People with tinnitus can attend one of our half-day courses, which provides information on a range of techniques for managing tinnitus annoyance.  See the ‘Events’ page for dates, times and locations of these regualr courses.

The Neuromonics Tinnitus Protocol involves extensive counselling by an Audiologist, the regular use of the Neuromonics sound device, and ongoing assessments and evaluations.

Neuromonics involves desensitisation of the tinnitus signal in the auditory centres of the brain.  (This differs from hearing aid fitting which may assist with distraction from the tinnitus). As a result, the person learns to ignore the tinnitus sounds much of the time, and to be less bothered when they are aware of them.
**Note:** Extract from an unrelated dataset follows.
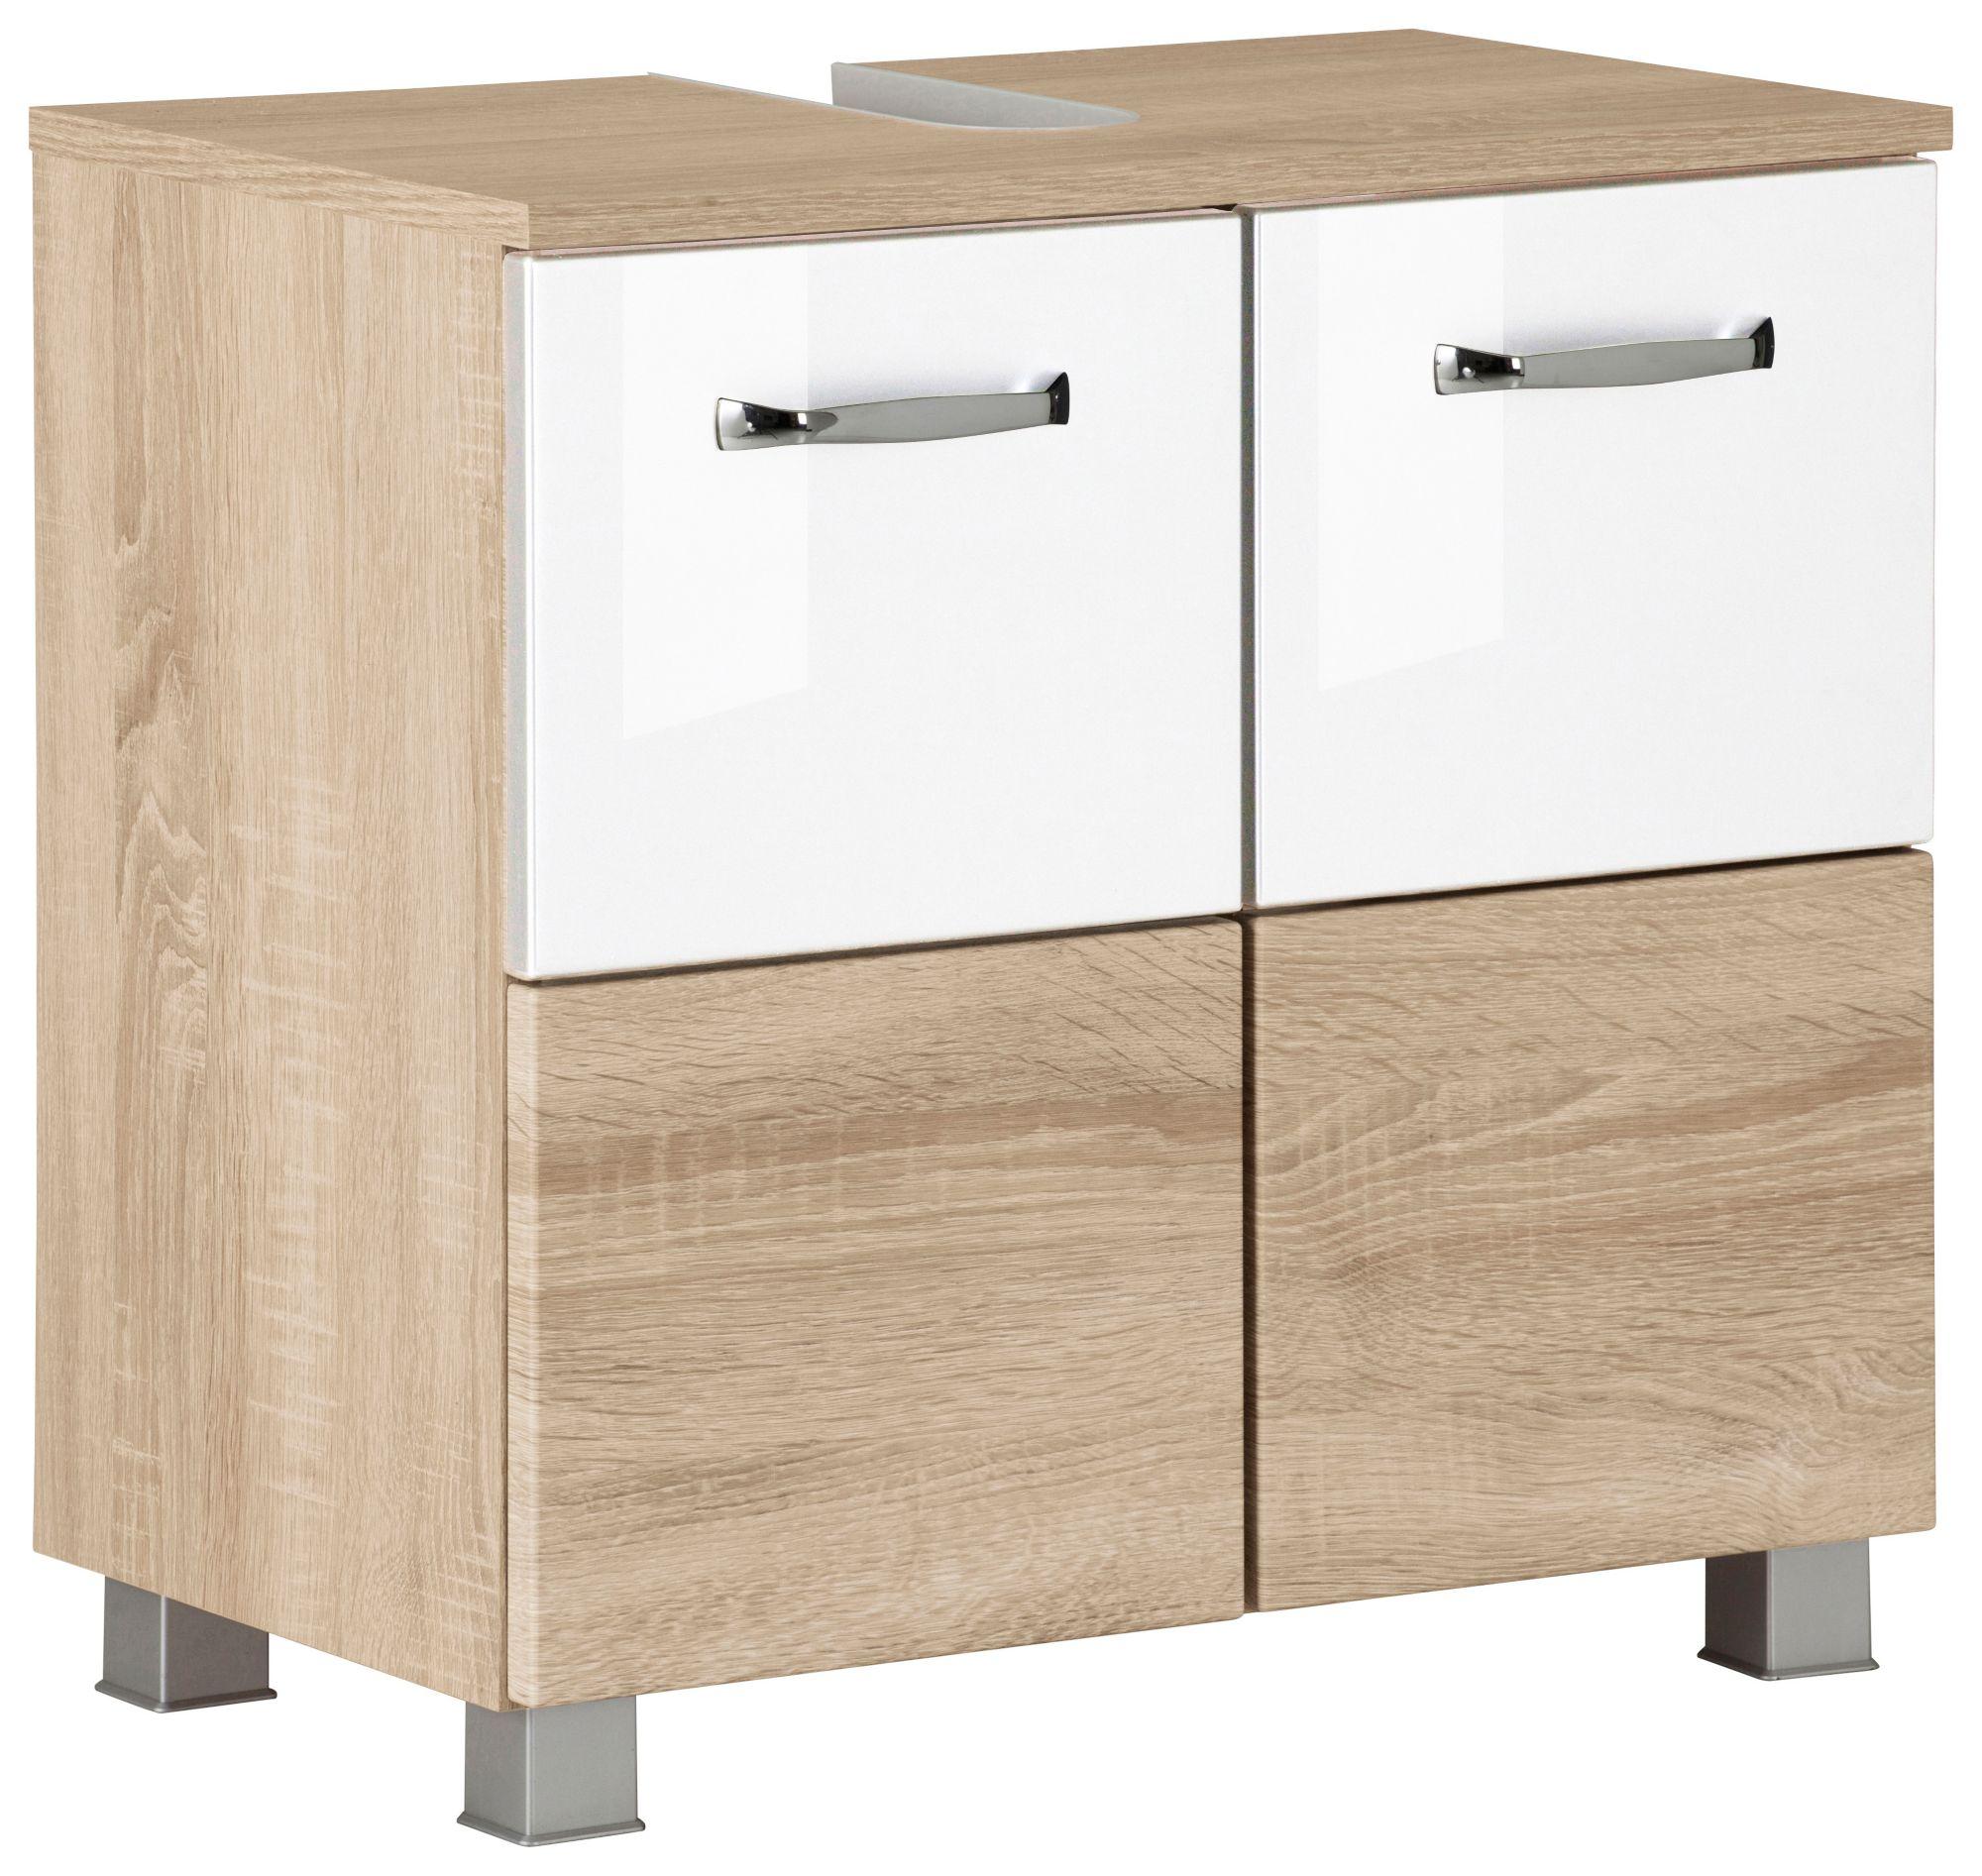 moebel g nstig online kaufen beim schwab versand. Black Bedroom Furniture Sets. Home Design Ideas

Presentation of the Neuromonics Protocol is generally divided into two phases and involves the use of a device that is custom-programmed according to the individual’s hearing levels and tinnitus perception.  Phase 1 of treatment provides the individual with a high level of distraction from the tinnitus, using relaxing music and ‘shower sound’.  Phase 2 provides an increased exposure to the tinnitus through the relaxing customised music signal, only. The aim is to assist habituation to the tinnitus signal over a 6 month period.

The starting point is an individual tinnitus assessment to determine what tinnitus help is needed and whether Neuromonics is suitable. Our Audiologists; Judith, David and Holly, are accredited to provide the Neuromonics Tinnitus Protocol.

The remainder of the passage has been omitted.